_Recorded information_
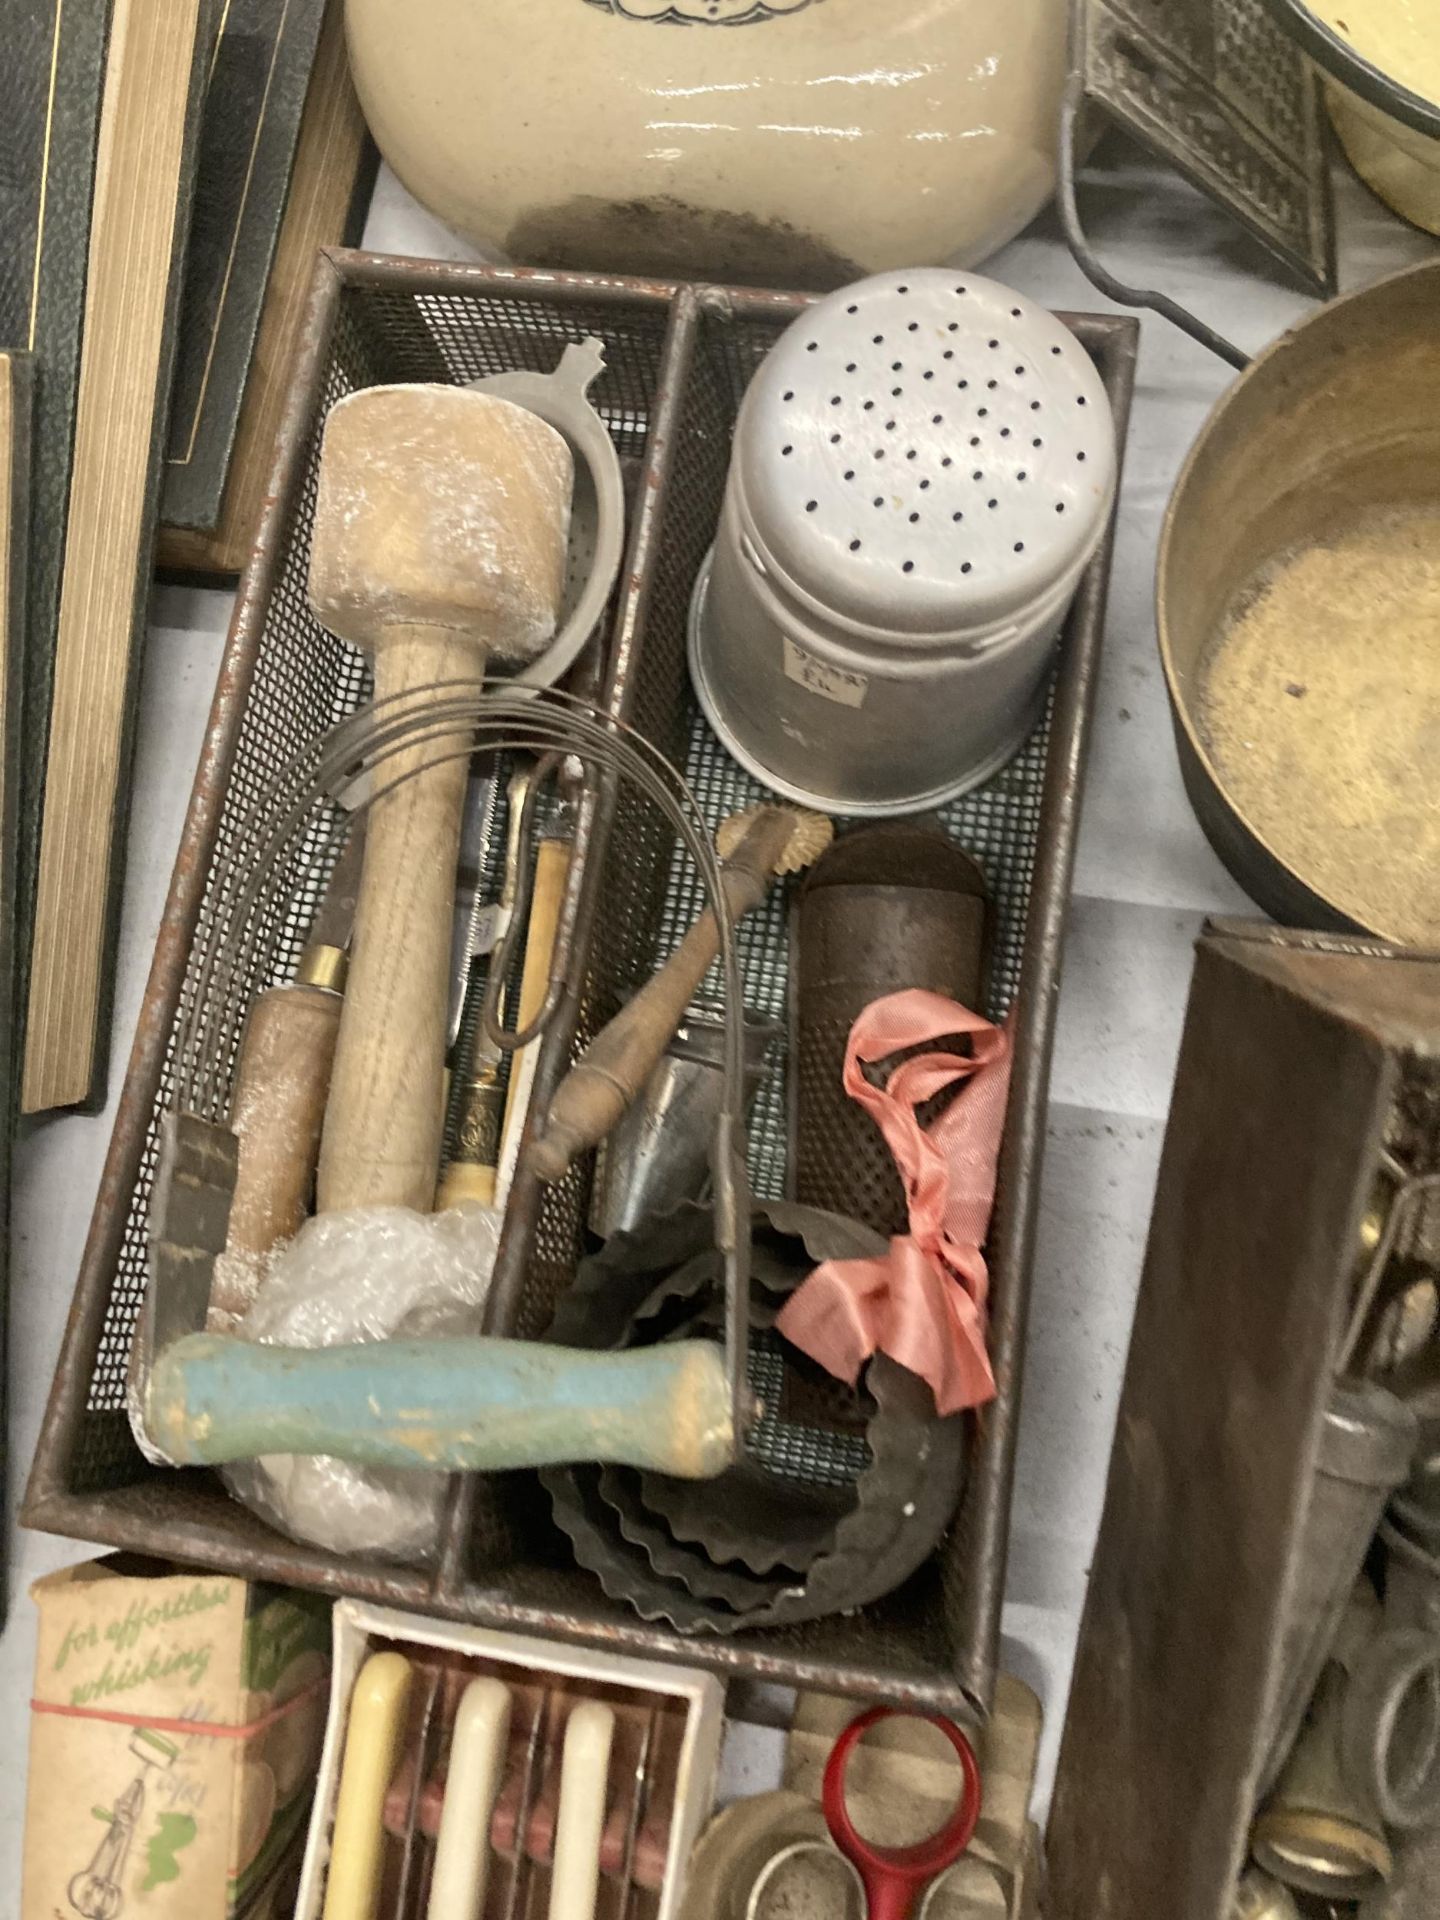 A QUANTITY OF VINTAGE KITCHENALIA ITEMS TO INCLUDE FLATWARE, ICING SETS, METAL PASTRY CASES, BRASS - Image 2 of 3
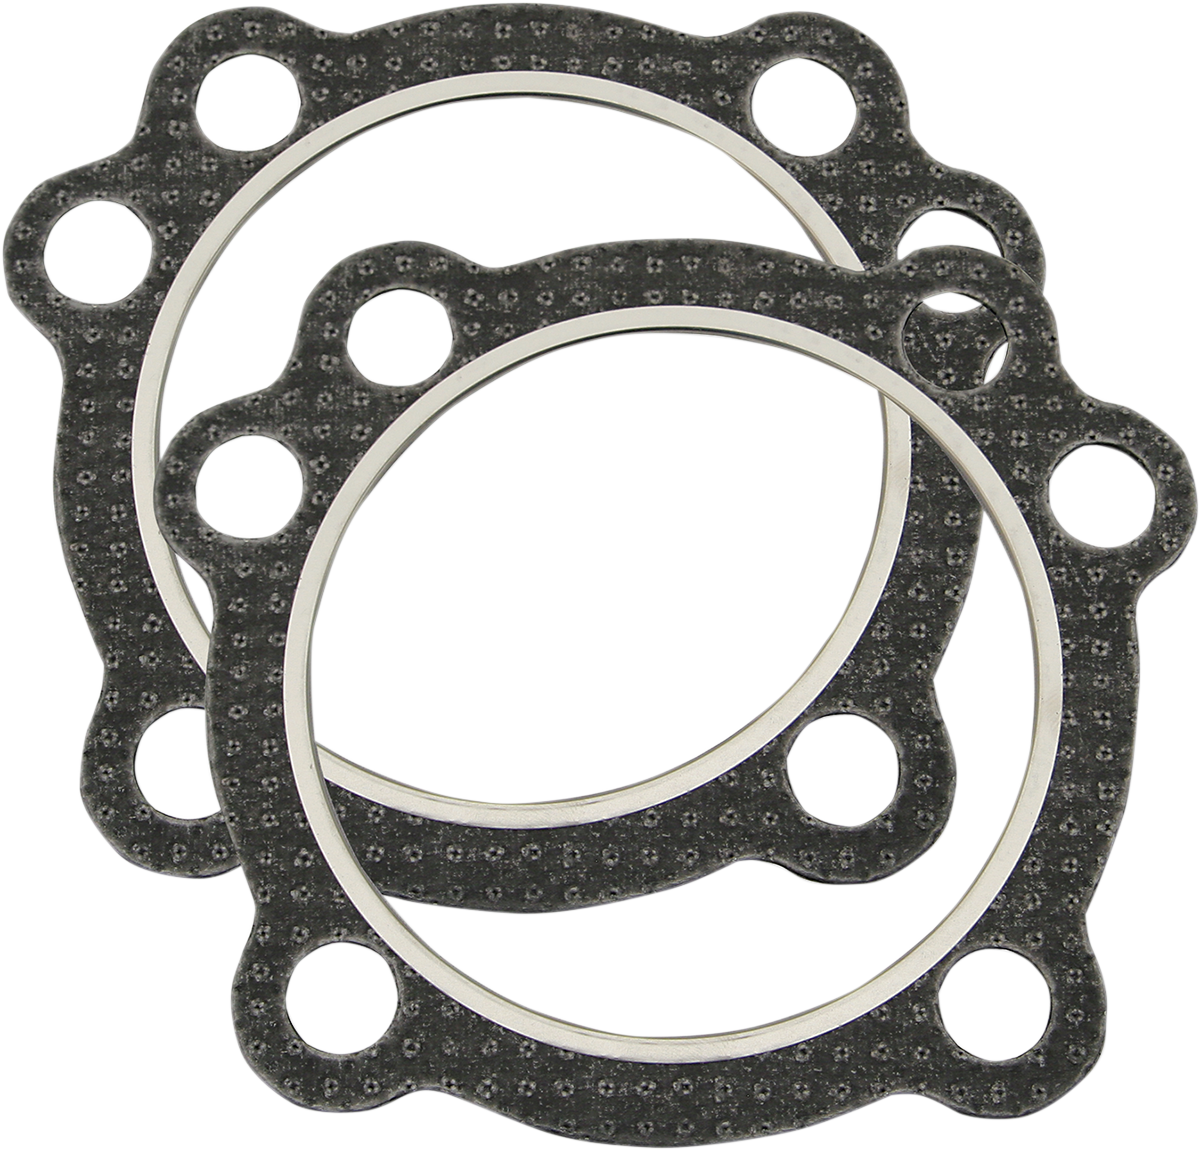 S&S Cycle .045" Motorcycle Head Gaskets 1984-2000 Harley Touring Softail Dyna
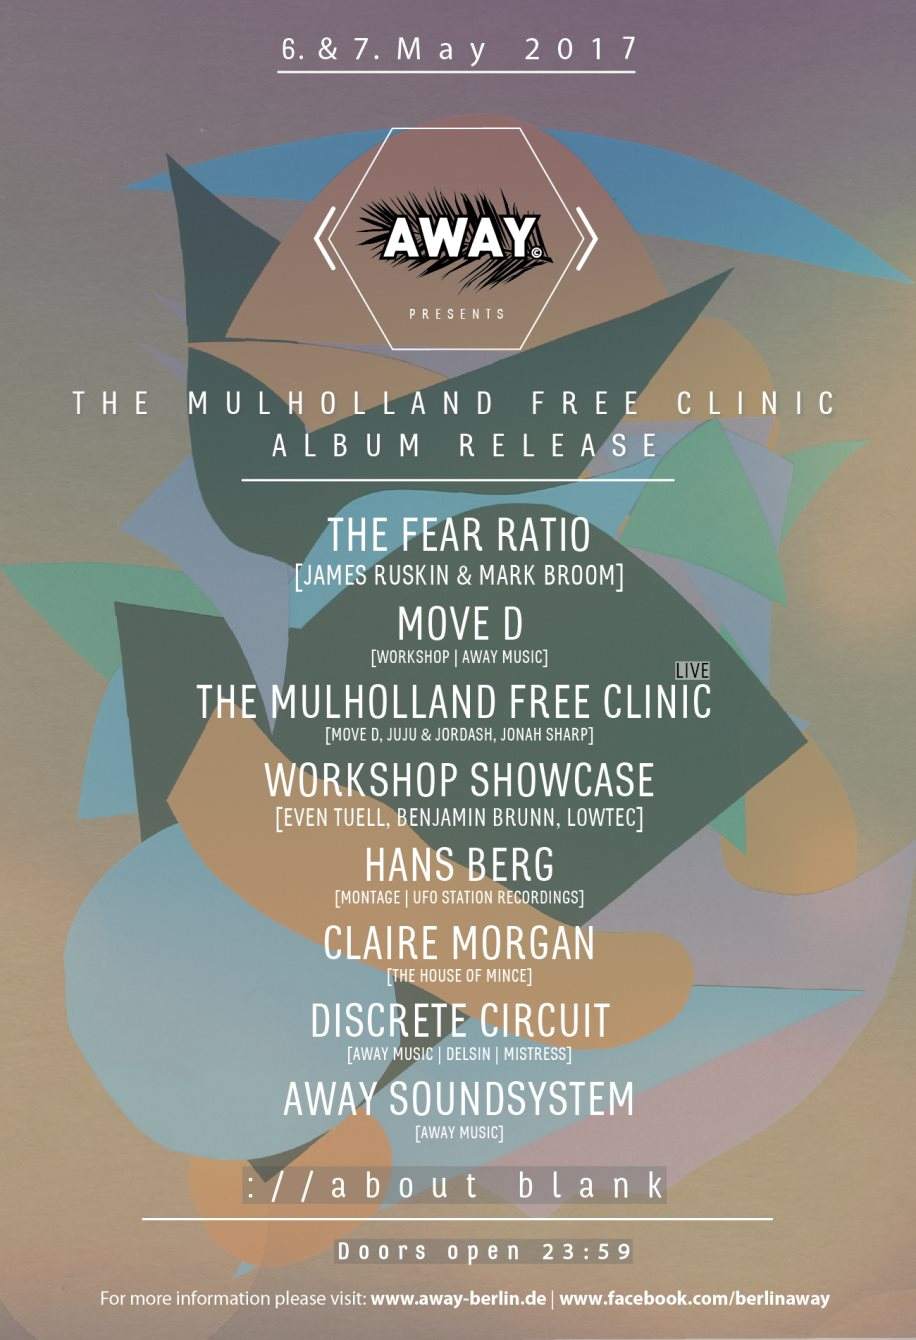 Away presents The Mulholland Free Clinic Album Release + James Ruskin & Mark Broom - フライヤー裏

_Required action_
Quote in full the listing given above; the images are to be left out.

_Output_
 A QUANTITY OF VINTAGE KITCHENALIA ITEMS TO INCLUDE FLATWARE, ICING SETS, METAL PASTRY CASES, BRASS - Image 2 of 3
 S&S Cycle .045" Motorcycle Head Gaskets 1984-2000 Harley Touring Softail Dyna
 Away presents The Mulholland Free Clinic Album Release + James Ruskin & Mark Broom - フライヤー裏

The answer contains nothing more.